### [WHAT TO DO]
Identify each line below containing the string "Stock" and copy it.

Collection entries
..........

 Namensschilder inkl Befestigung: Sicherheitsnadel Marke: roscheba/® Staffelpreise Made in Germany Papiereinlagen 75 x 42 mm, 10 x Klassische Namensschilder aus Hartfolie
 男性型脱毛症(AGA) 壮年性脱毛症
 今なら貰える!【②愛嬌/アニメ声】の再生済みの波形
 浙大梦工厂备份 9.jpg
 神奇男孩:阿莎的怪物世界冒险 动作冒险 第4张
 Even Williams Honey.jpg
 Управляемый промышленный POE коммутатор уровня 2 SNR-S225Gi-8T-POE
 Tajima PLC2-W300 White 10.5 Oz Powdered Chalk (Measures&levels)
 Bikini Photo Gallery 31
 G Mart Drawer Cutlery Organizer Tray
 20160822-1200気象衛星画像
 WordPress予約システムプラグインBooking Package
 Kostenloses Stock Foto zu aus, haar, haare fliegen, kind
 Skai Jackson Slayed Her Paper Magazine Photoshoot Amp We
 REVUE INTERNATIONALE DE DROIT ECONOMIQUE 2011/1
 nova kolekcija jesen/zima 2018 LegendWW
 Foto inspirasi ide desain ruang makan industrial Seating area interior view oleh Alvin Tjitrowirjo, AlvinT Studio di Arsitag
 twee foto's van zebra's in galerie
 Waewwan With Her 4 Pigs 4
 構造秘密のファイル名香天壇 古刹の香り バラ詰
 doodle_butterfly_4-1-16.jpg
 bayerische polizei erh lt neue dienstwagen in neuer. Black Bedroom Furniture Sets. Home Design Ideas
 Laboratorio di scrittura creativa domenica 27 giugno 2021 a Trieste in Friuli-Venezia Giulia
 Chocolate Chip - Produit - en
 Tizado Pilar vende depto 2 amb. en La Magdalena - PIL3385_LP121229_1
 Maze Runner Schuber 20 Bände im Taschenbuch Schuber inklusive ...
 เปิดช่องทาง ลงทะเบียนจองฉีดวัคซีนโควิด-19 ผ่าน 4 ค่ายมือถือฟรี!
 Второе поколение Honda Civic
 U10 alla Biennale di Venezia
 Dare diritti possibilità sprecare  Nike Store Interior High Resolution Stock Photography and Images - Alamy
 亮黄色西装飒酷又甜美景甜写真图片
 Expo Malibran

..........

### [ANSWER SPACE]
 Kostenloses Stock Foto zu aus, haar, haare fliegen, kind
 Dare diritti possibilità sprecare  Nike Store Interior High Resolution Stock Photography and Images - Alamy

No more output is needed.